▶ TASK GOAL: For the records below, please print exactly and only the lines from the one with "A serving of" down to the one with "Tactico Football Edition", both ends included, omitting the pictures.

▶ RECORD EXTRACTS:
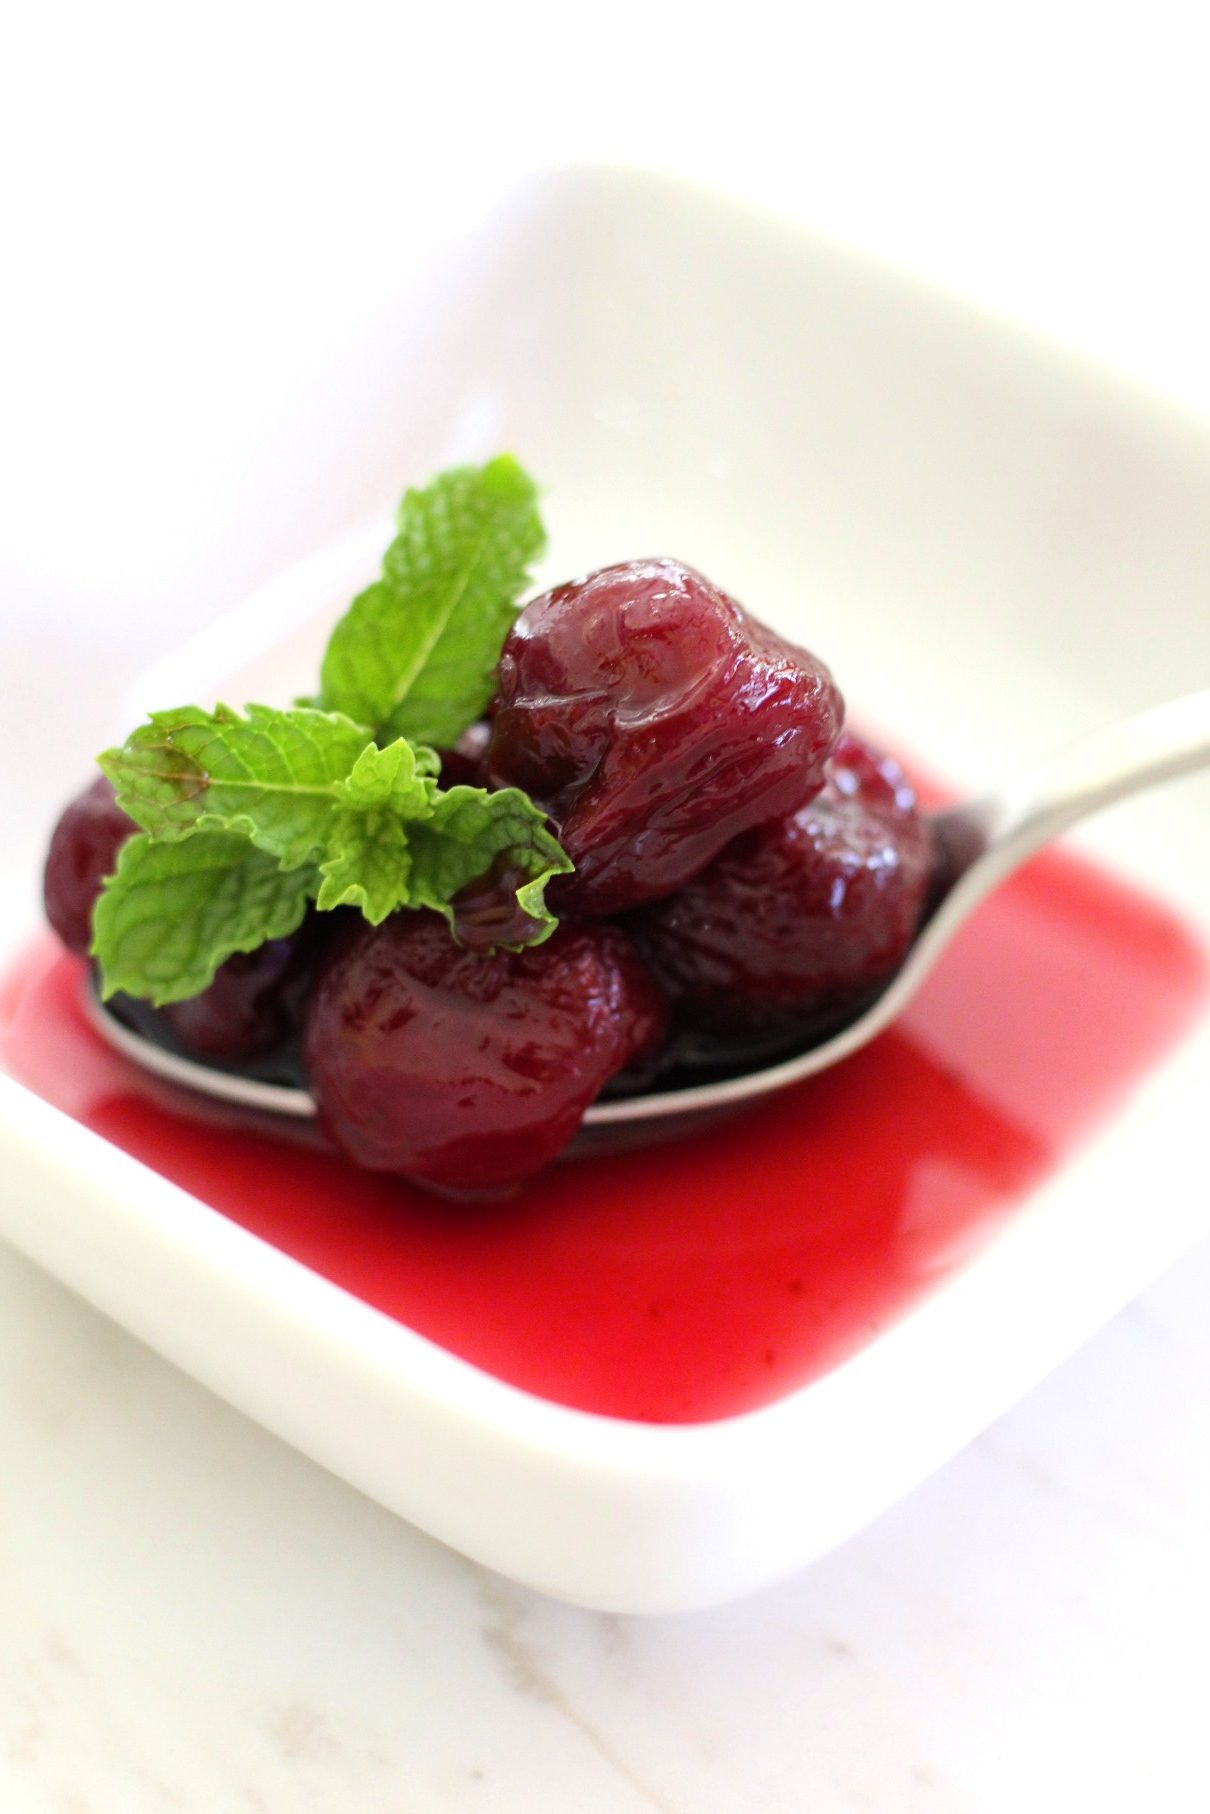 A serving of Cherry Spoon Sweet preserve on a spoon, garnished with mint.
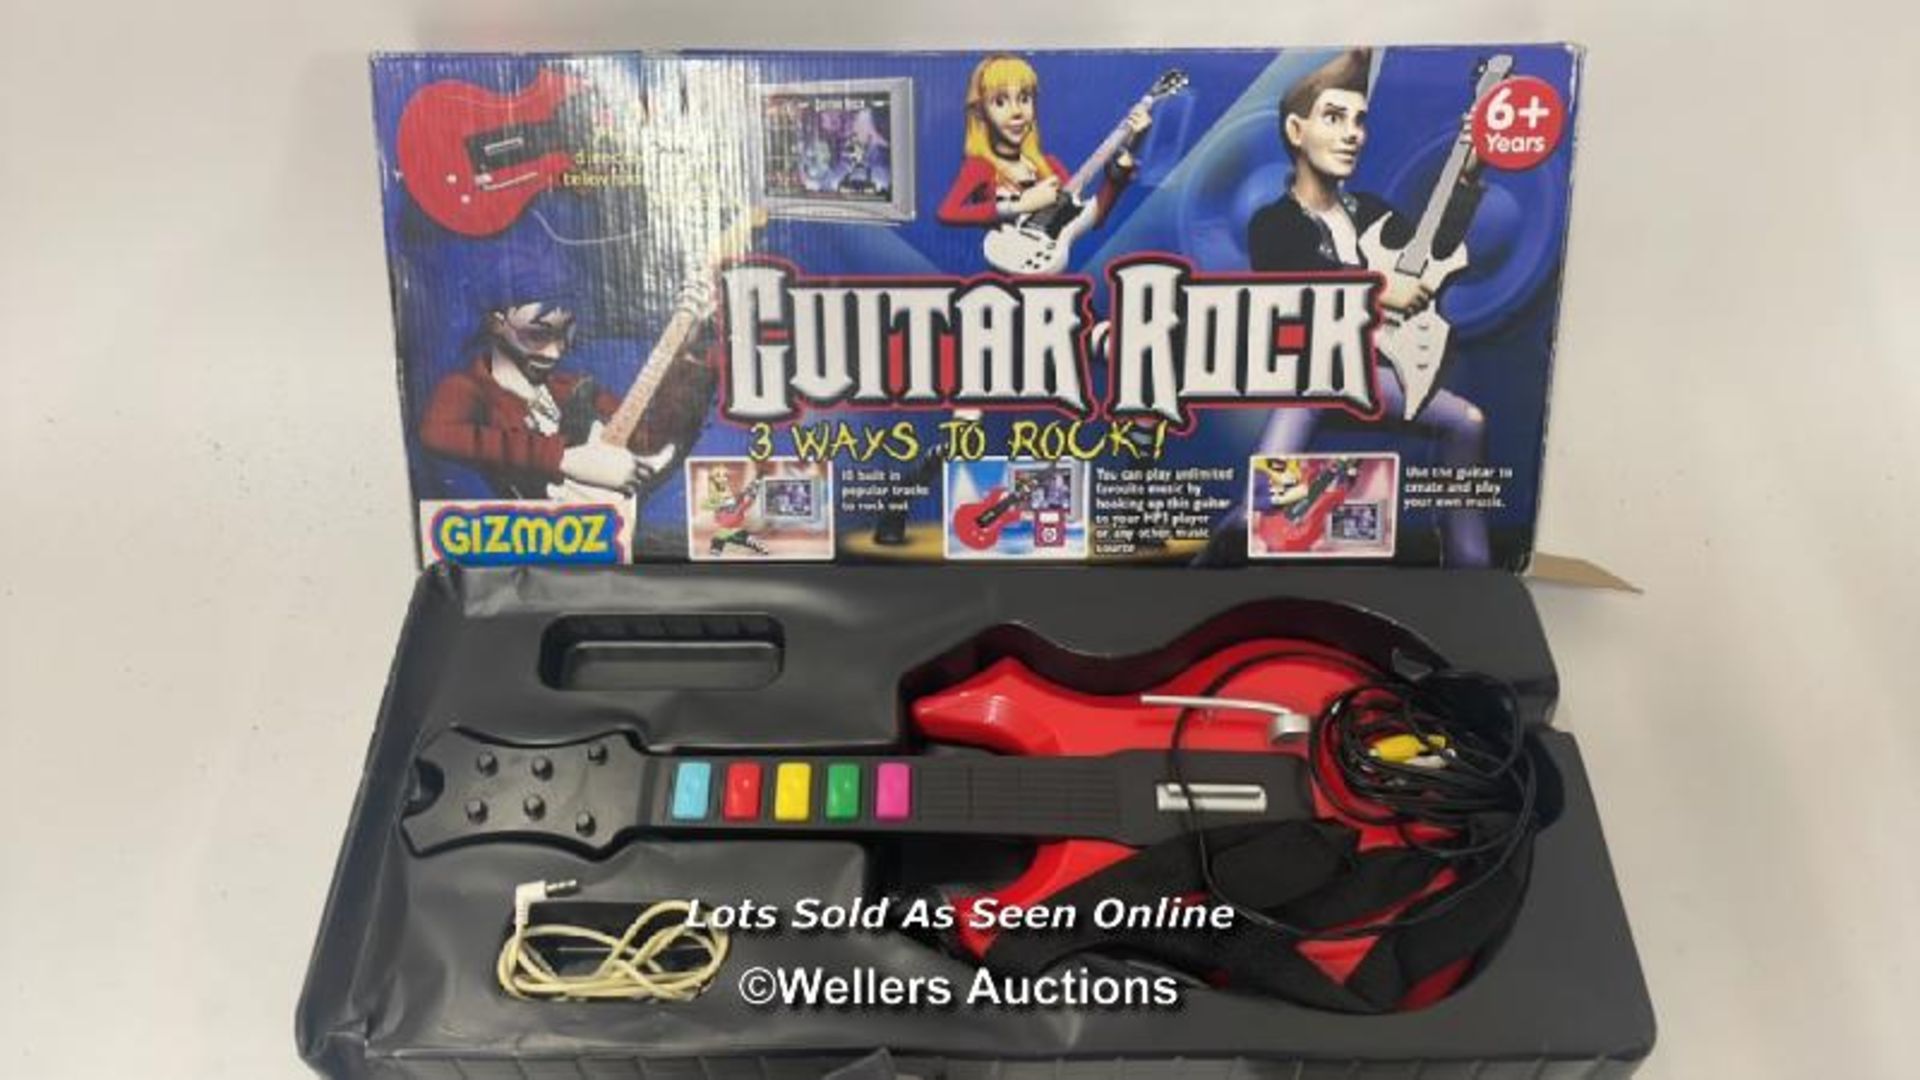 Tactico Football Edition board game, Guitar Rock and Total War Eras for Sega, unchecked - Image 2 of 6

* * *

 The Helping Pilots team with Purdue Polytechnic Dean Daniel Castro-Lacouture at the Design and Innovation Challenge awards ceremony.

...

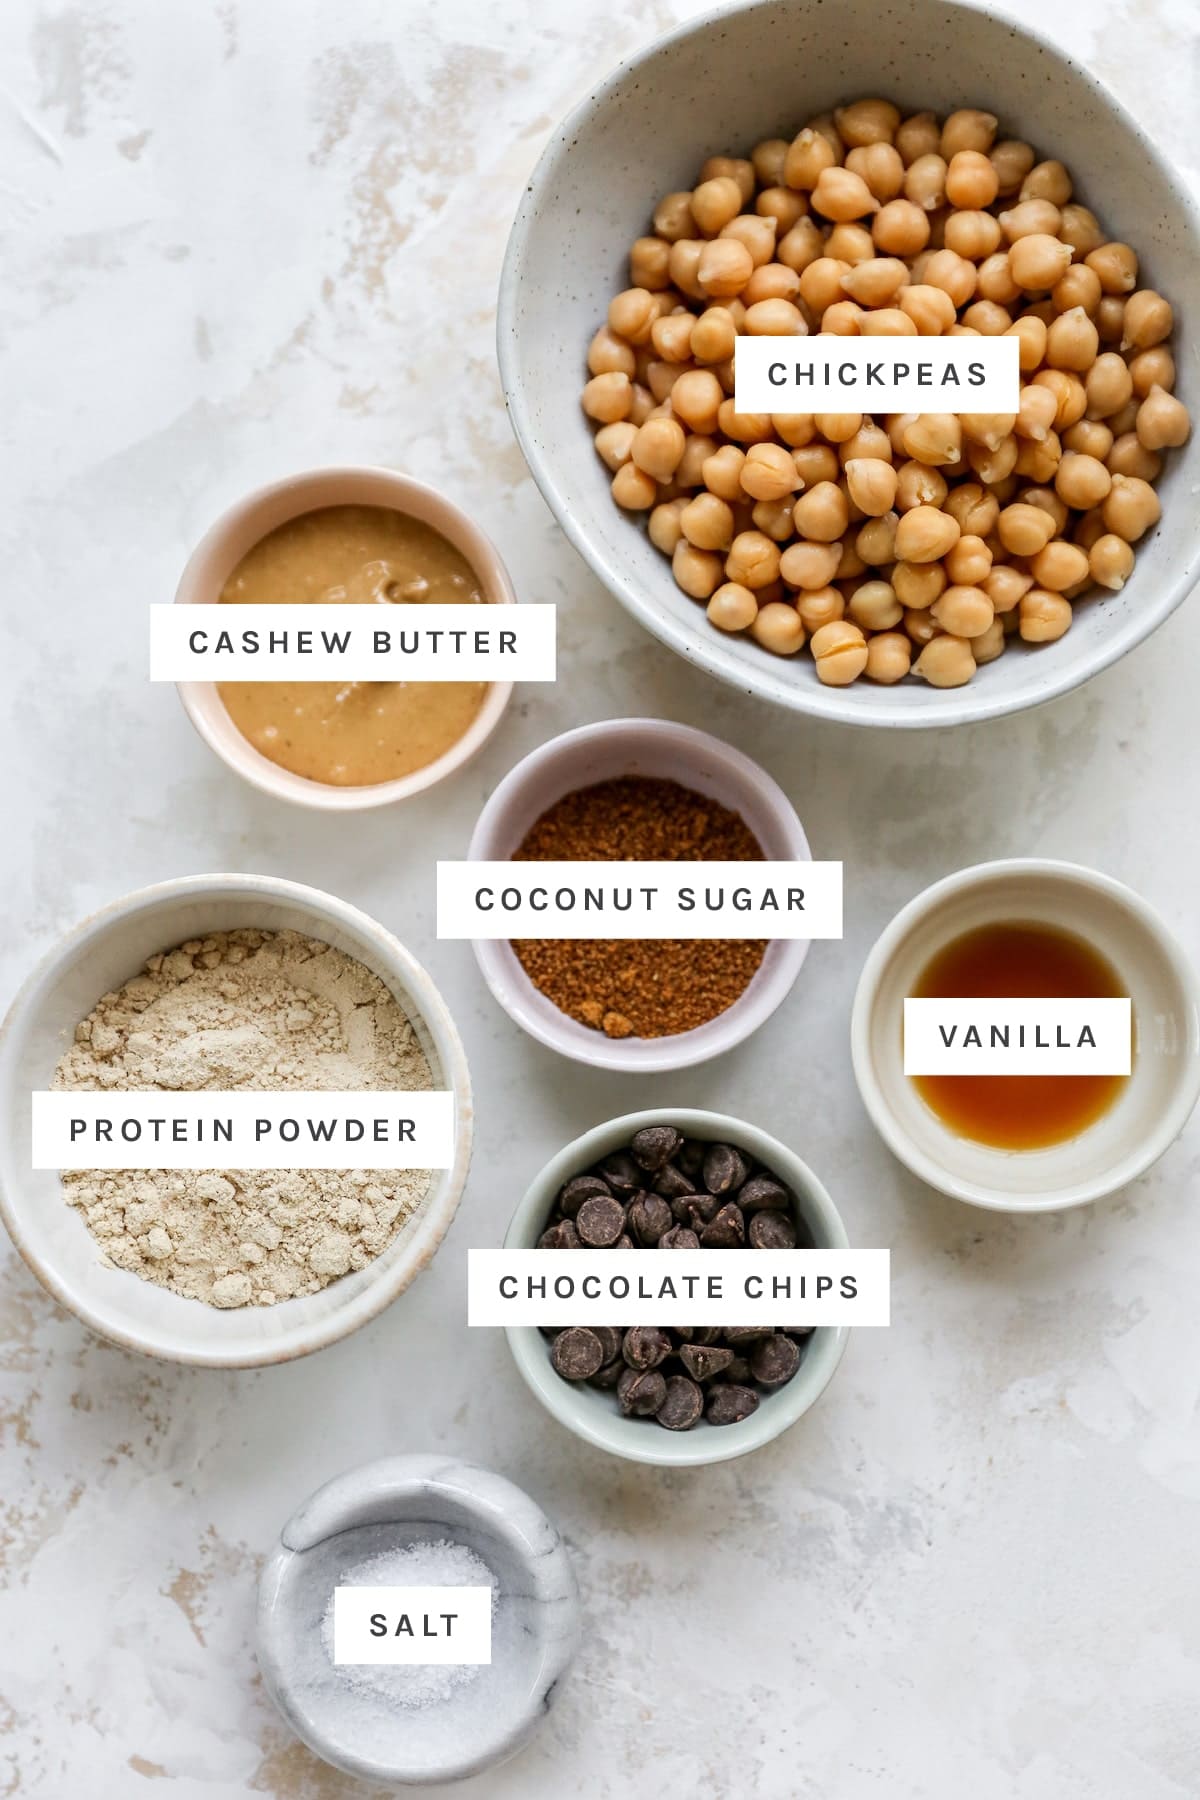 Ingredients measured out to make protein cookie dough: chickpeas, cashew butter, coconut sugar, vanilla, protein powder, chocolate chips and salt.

▶ OUTPUT:
 A serving of Cherry Spoon Sweet preserve on a spoon, garnished with mint.
 Tactico Football Edition board game, Guitar Rock and Total War Eras for Sega, unchecked - Image 2 of 6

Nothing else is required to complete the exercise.